INTELLECTUALS ON COMMUNITY
Best-selling author Francis Fukuyama is bold in proclaiming that history has had a goal that culminates in democratic capitalism. His book The End of History and the Last Man generated a lot of discussion in the intellectual community. He is correct in that the goal of history is democracy and capitalism. In his book Trust: The Social Virtues and the Creation of Prosperity he is also correct in seeing that democracy and capitalism are not enough for a prosperous society. A nation must also have strong religious and ethical values which is what the Founding Fathers of America said and Fukuyama quotes. He is also correct in being on the conservative side and not for big government.
He writes like Adam Smith who praised capitalism in Wealth of Nations and then praised morality in Theory of Moral Sentiments. The two motifs in his book is that democracy and capitalism are the end result of politics and economics, but they can only work if people have good morals, habits and ethics.
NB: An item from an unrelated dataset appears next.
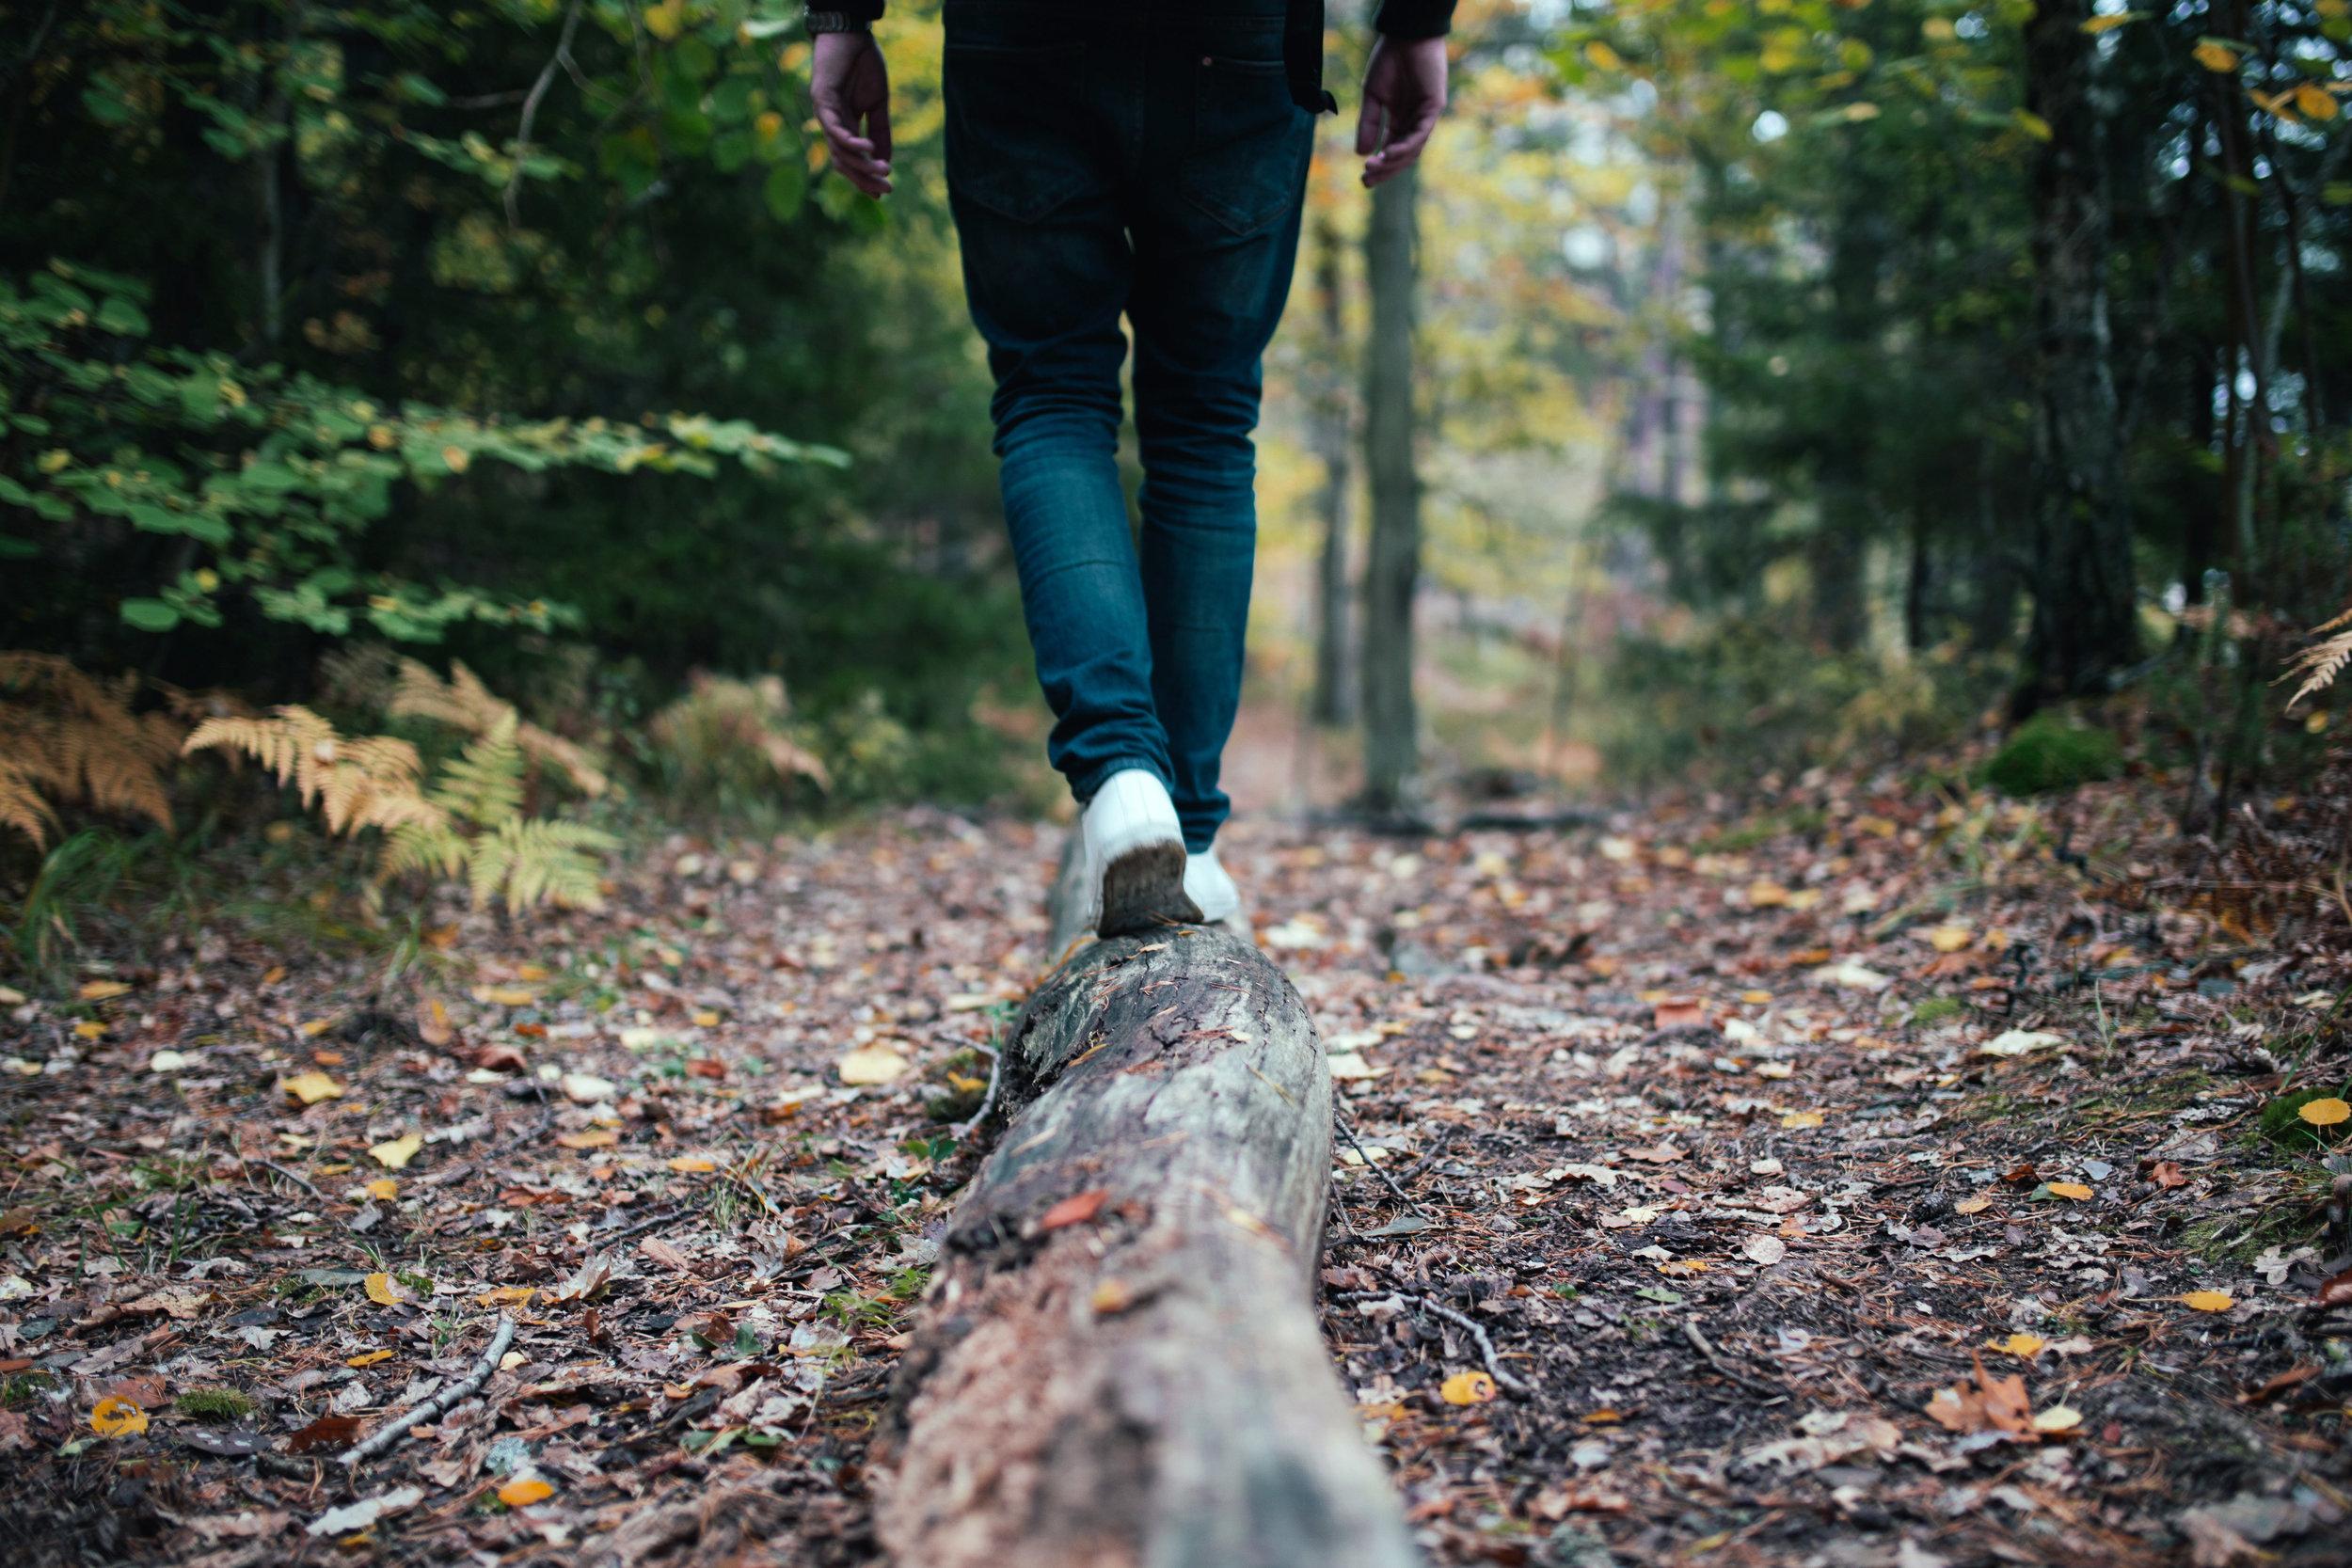 Legs of person walking along a fallen log on wooded trail

People want to have freedom to make money, but they also want what he calls "recognition": "The satisfaction we derive from being connected to others in the workplace grows out of a fundamental human desire for recognition. As I argued in The End of History and the Last Man, every human being seeks to have his or her dignity recognized by other human beings. Indeed, this drive is so deep and fundamental that it is one of the chief motors of the entire human historical process." He says in the past "kings and princes fought bloody battles with one another for primacy." Now the fight for recognition is in "economic activity" which "represents a crucial part of social life and is knit together by a wide variety of norms, rules, moral obligations, and other habits that together shape the society."
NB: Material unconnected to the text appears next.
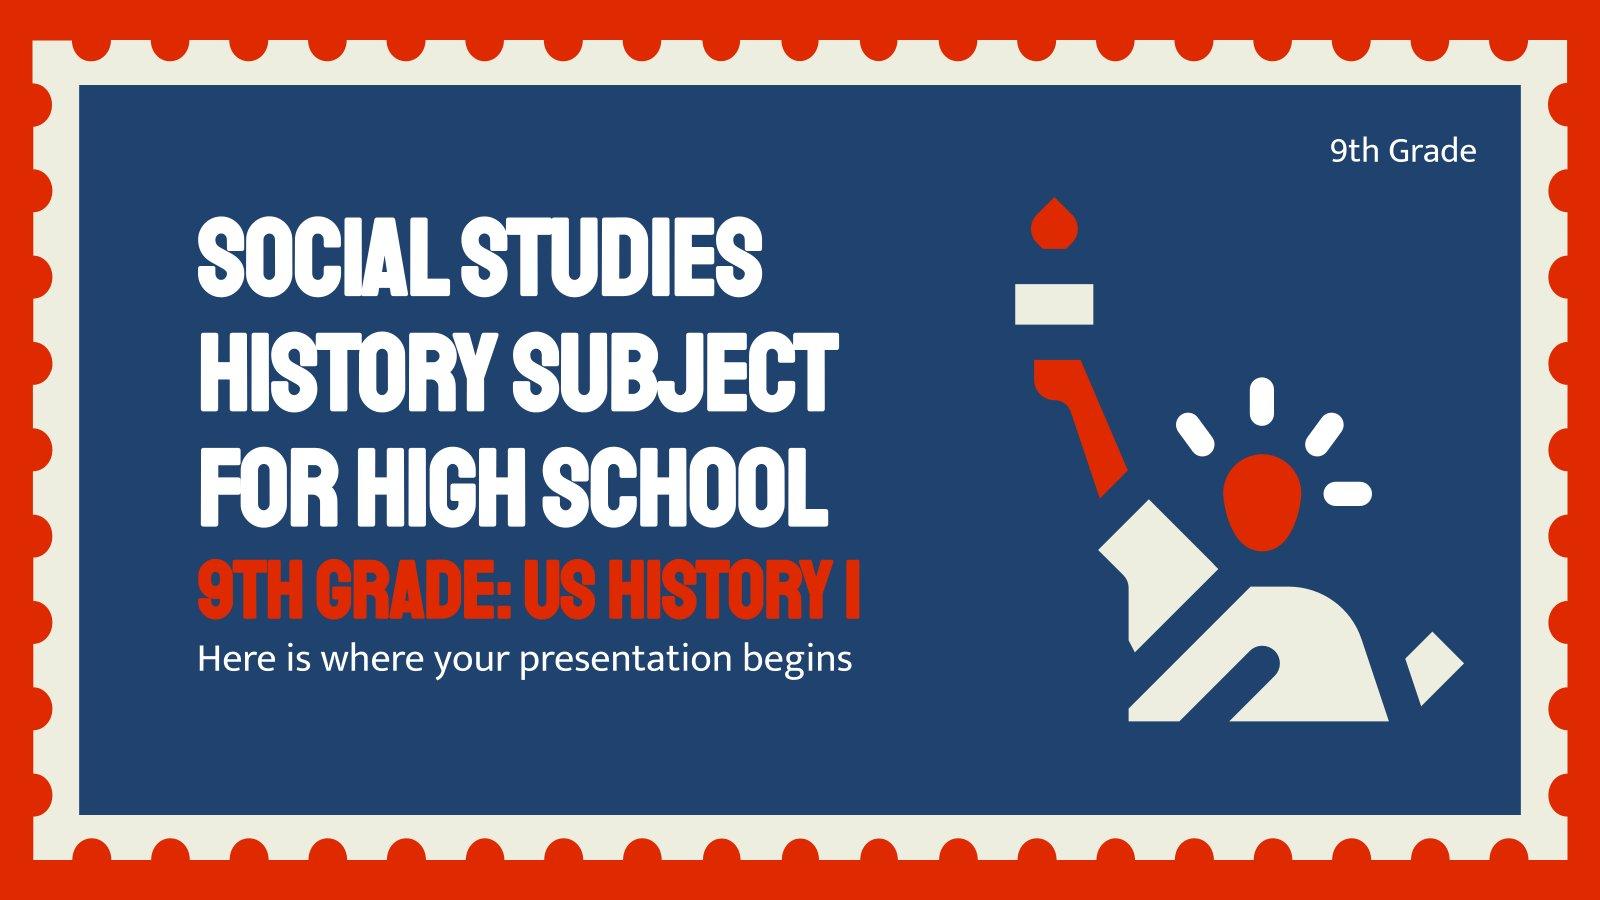 Social Studies/History Subject for High School - 9th Grade: US History I presentation template
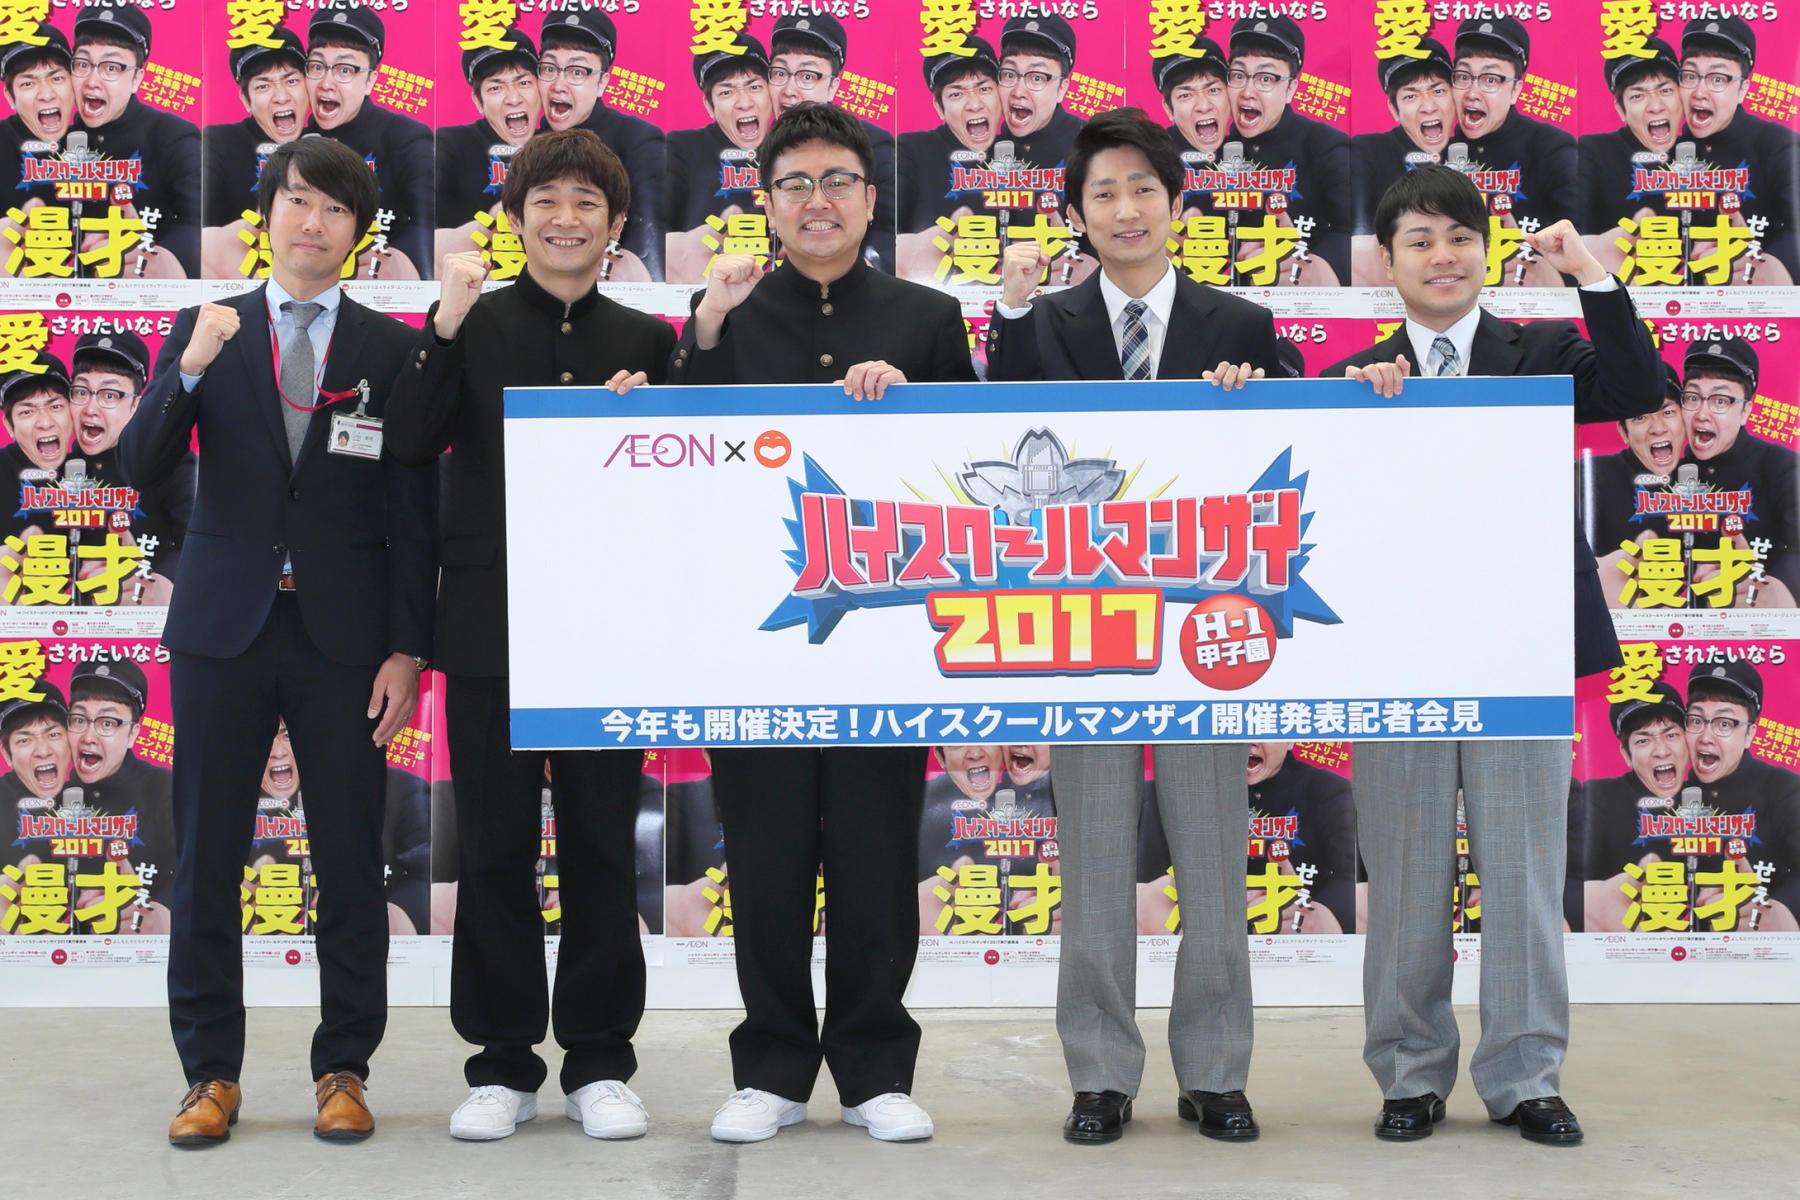 http://news.yoshimoto.co.jp/20170413154336-78ae30fd72f59884f30f6b020435a43127849e73.jpg

He is against big government and for high standards of morality and ethics: "Over the past generation, economic thought has been dominated by neoclassical or free market economists, associated with names like Milton Friedman, Gary Becker, and George Stigler. The rise of the neoclassical perspective constitutes a vast improvement from earlier decades in this century, when Marxists and Keynesians held sway. We can think of neoclassical economics as being, say, eighty percent correct: it has uncovered important truths about the nature of money and markets because its fundamental model of rational, self-interested human behavior is correct about eighty percent of the time. But there is a missing twenty percent of human behavior about which neoclassical economics can give only a poor account. As Adam Smith well understood, economic life is deeply embedded in social life, and it cannot be understood apart from the customs, morals, and habits of the society in which it occurs. In short, it cannot be divorced from culture."